## EXERCISE DIRECTIONS
In the listing that follows, find the line with "Acer 330 Series", then copy exactly from it through the line with "Back view of", leaving out every picture.

## WORKING DATA

^^^^^^^^^^^^^^^^

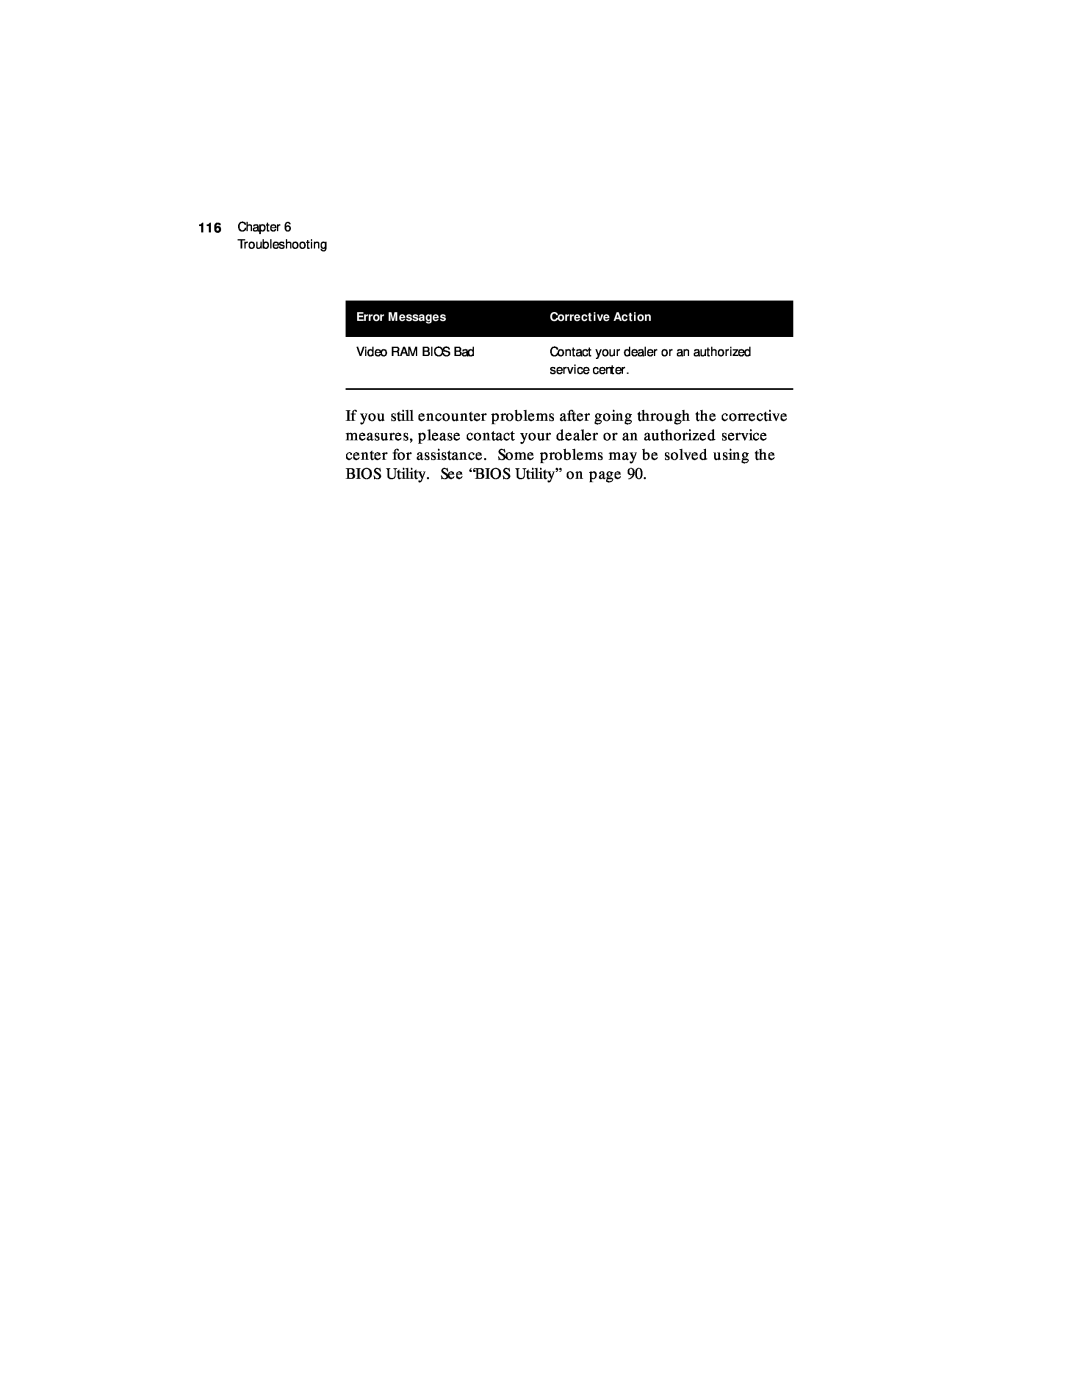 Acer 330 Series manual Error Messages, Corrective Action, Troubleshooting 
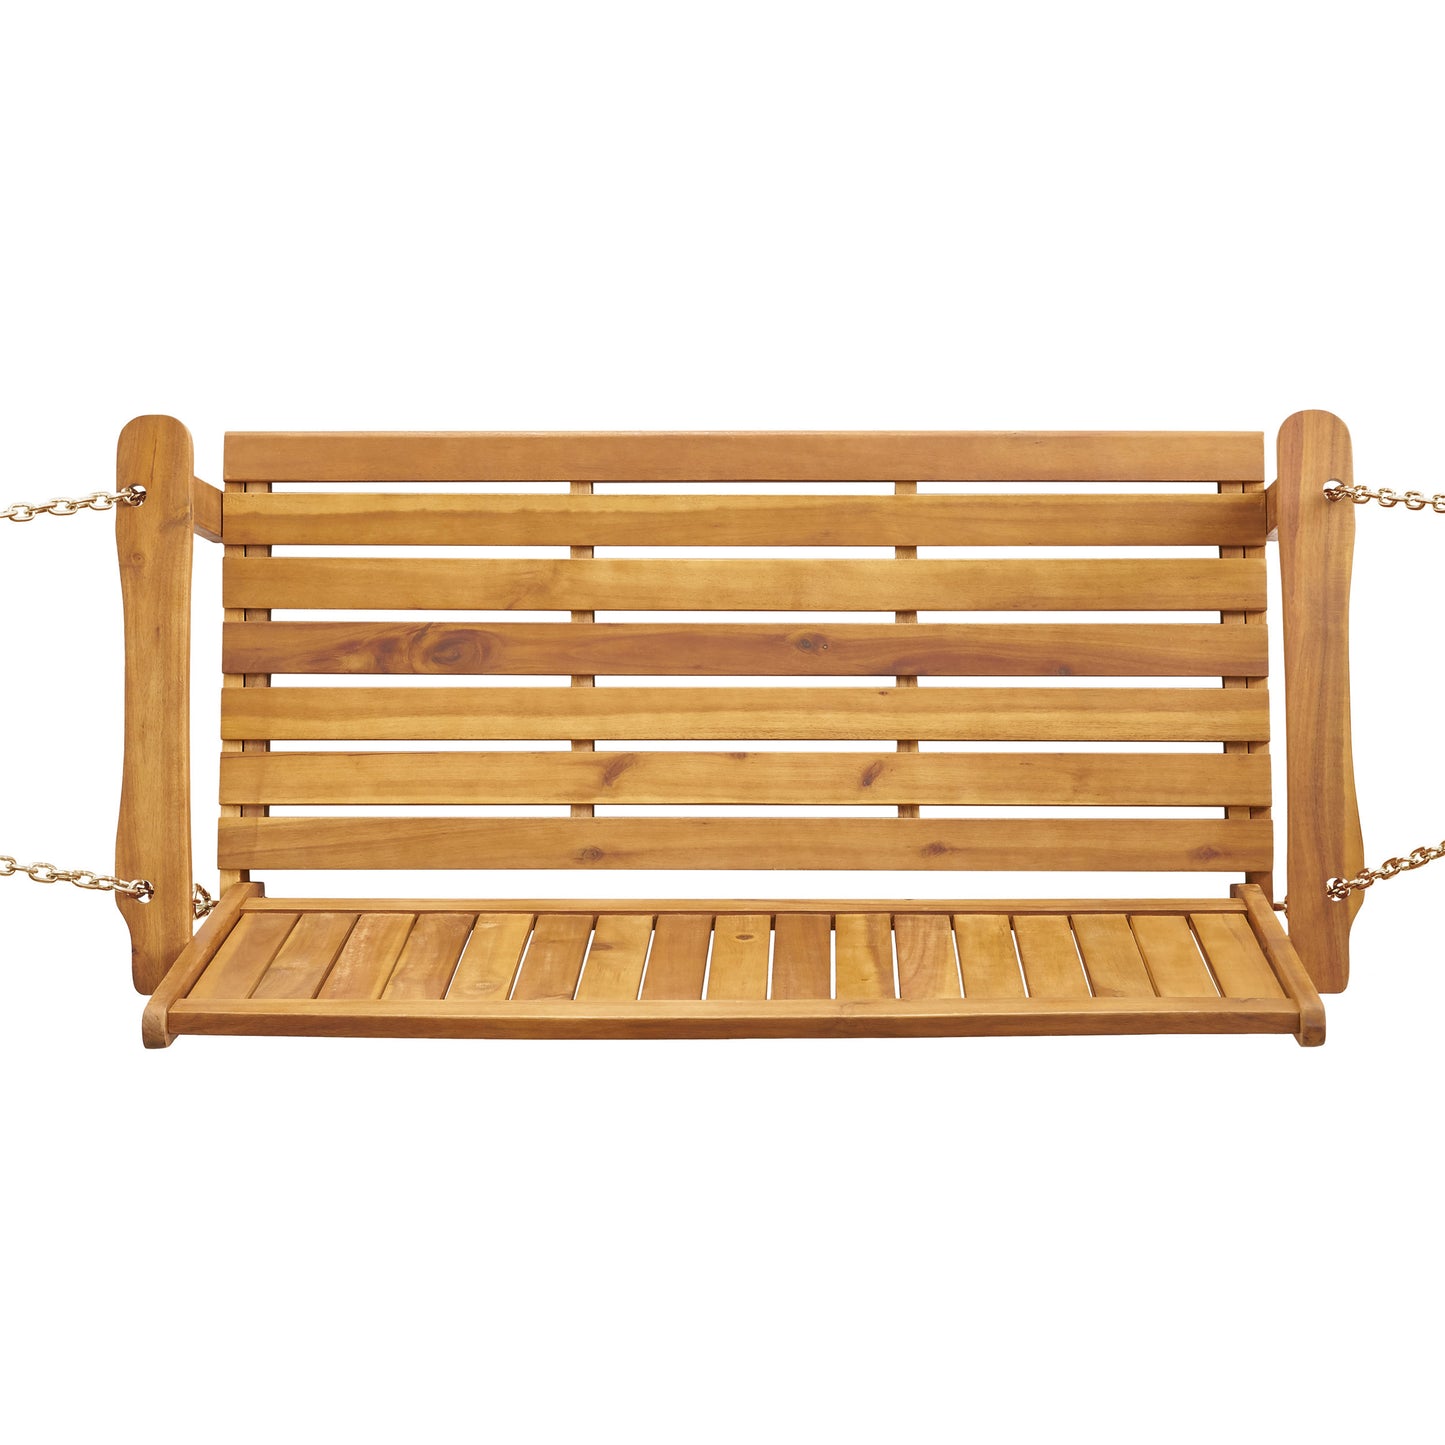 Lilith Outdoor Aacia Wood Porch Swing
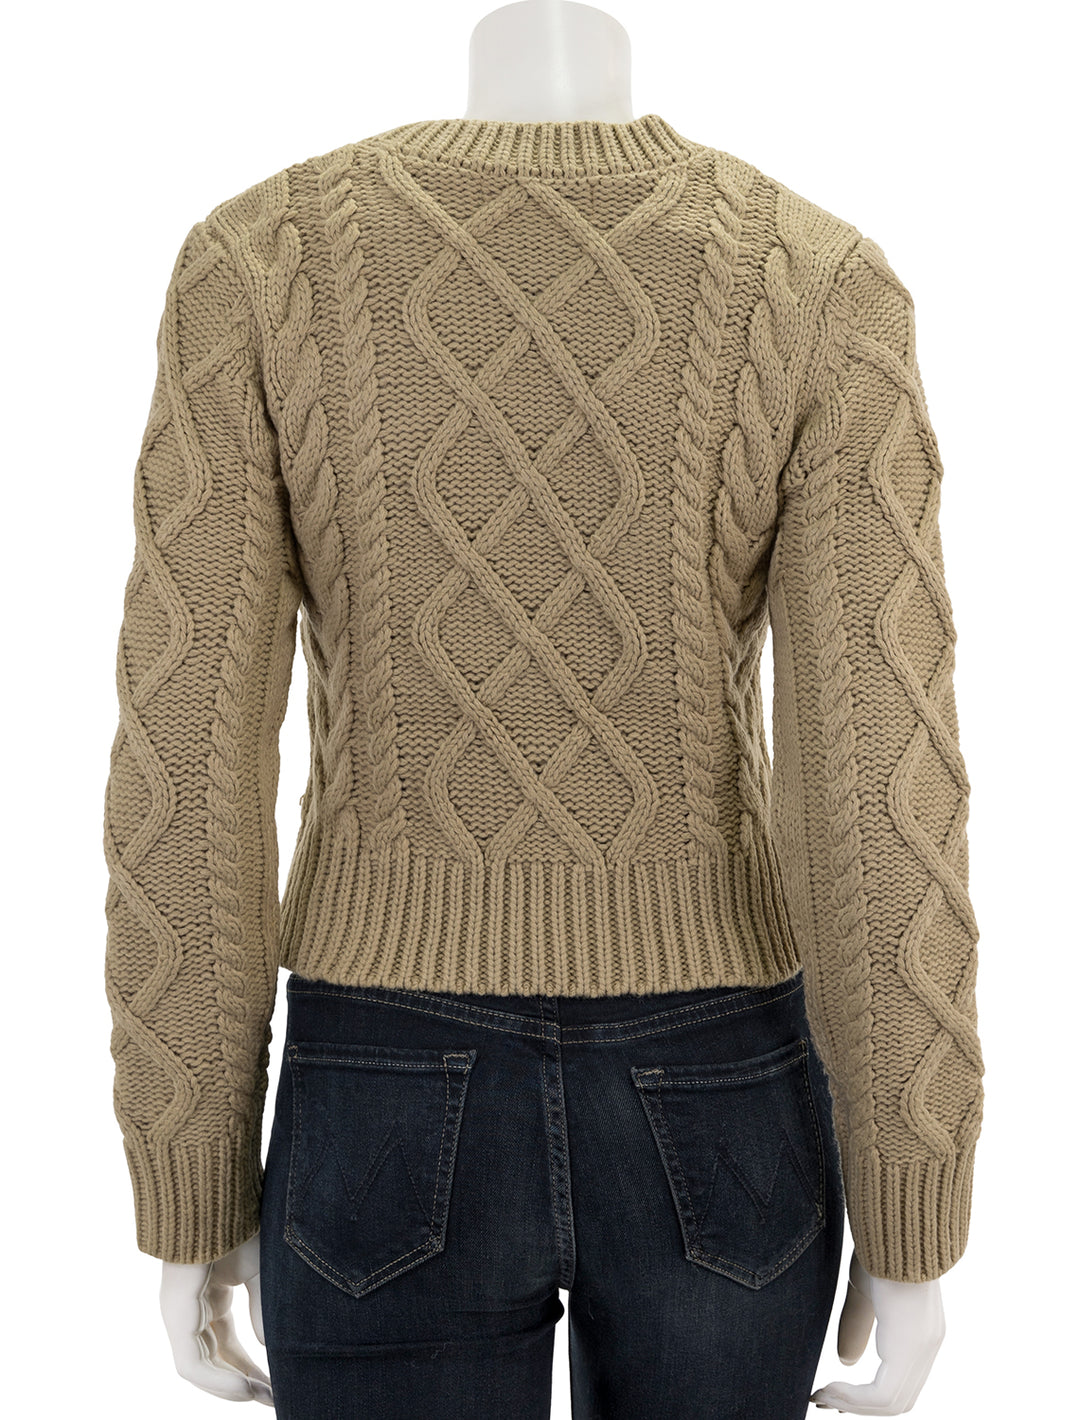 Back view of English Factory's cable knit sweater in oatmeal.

^^^^^^^^^^^^^^^^

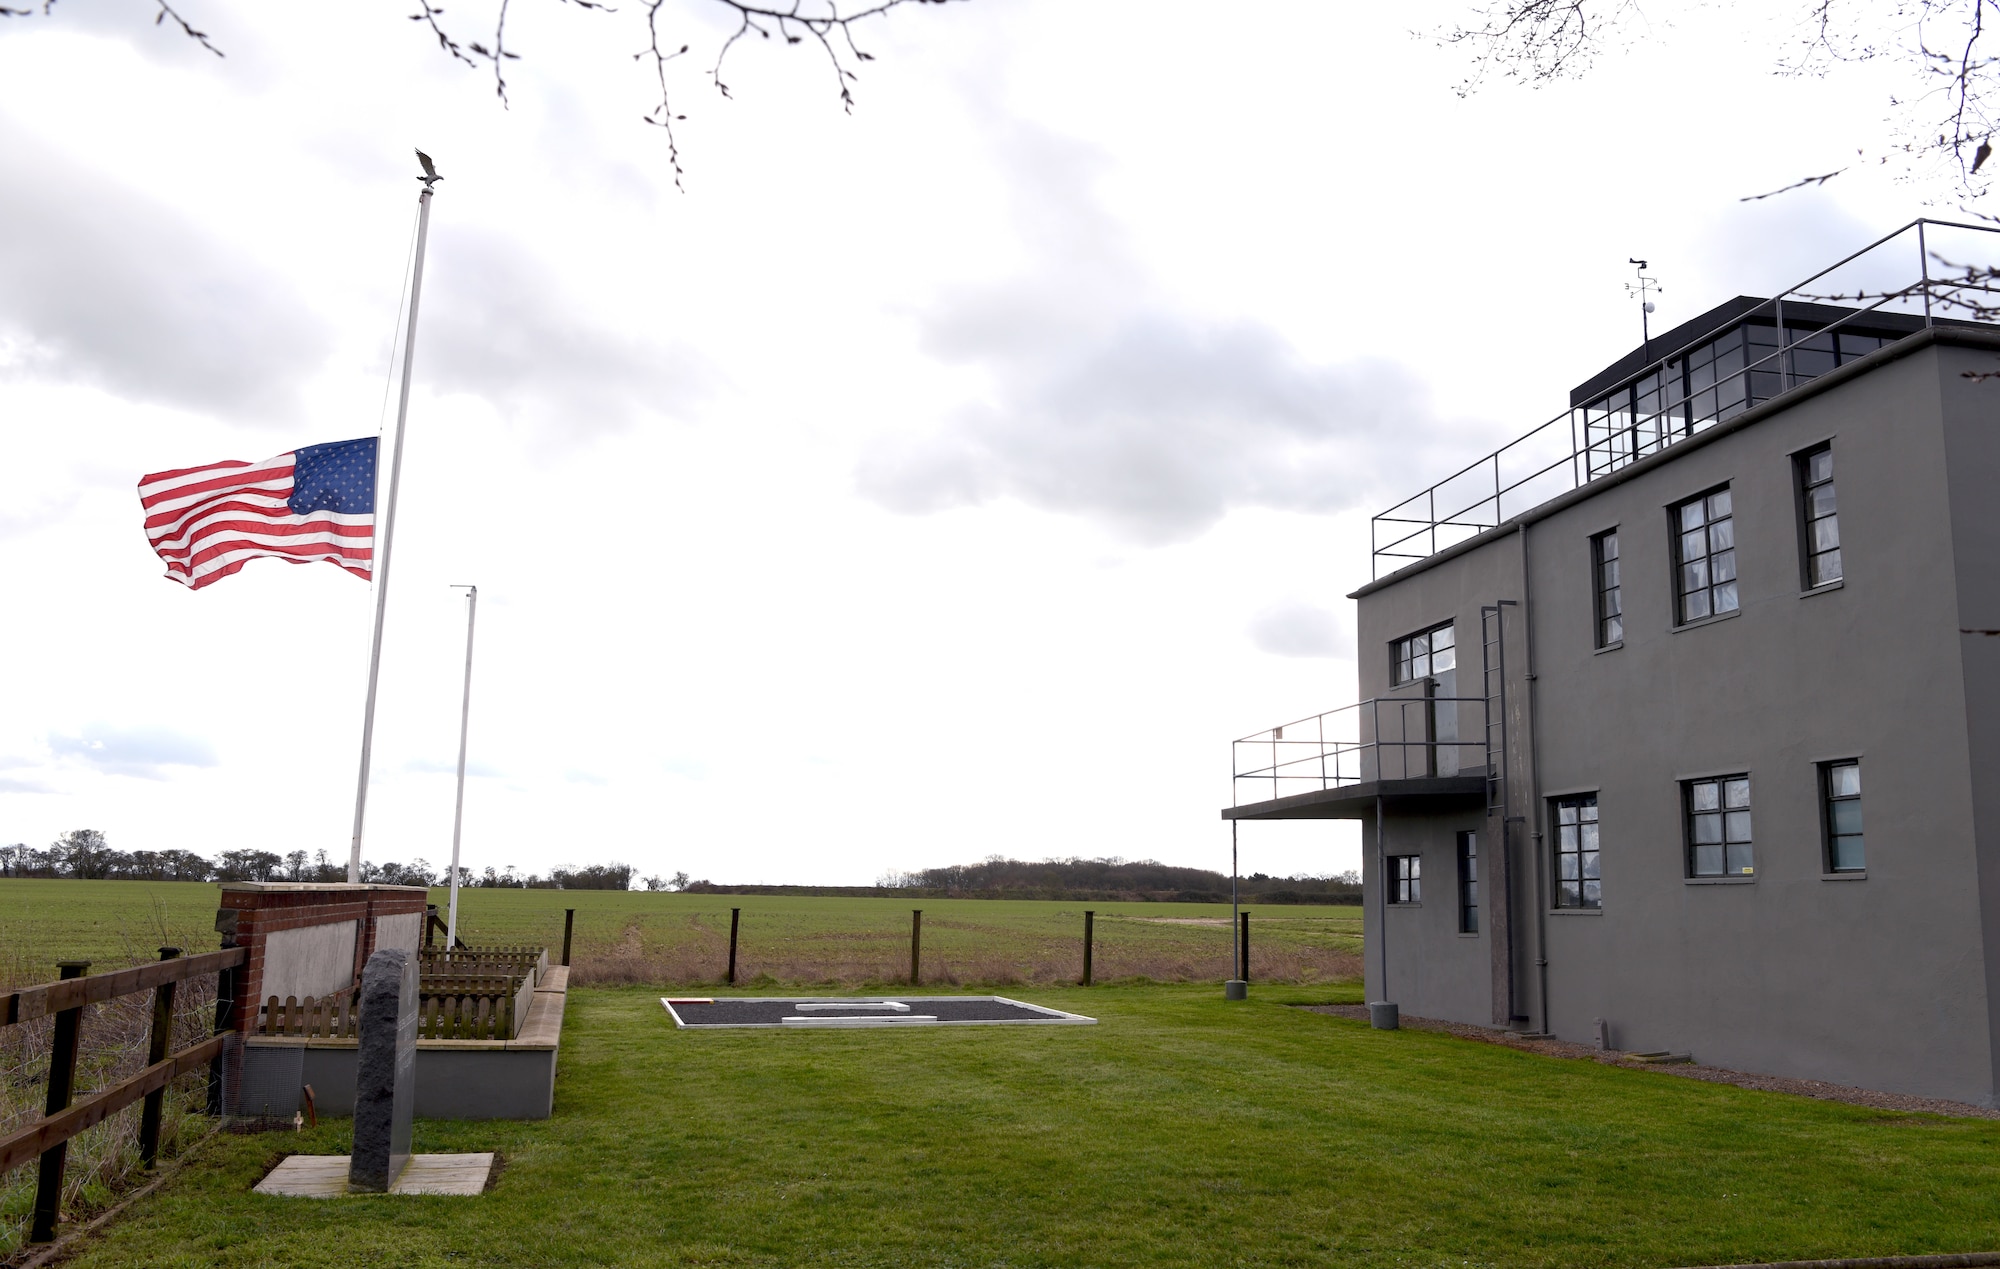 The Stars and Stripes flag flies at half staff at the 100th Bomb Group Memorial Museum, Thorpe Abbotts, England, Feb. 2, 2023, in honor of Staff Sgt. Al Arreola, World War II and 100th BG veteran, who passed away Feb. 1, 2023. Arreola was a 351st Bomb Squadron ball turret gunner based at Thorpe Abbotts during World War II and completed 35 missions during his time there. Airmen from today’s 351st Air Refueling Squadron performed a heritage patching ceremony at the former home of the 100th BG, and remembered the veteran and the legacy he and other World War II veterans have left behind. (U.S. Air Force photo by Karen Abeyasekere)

^^^^^^^^^^^^^^^^

## SOLUTION
 Acer 330 Series manual Error Messages, Corrective Action, Troubleshooting 
 Lilith Outdoor Aacia Wood Porch Swing
 Back view of English Factory's cable knit sweater in oatmeal.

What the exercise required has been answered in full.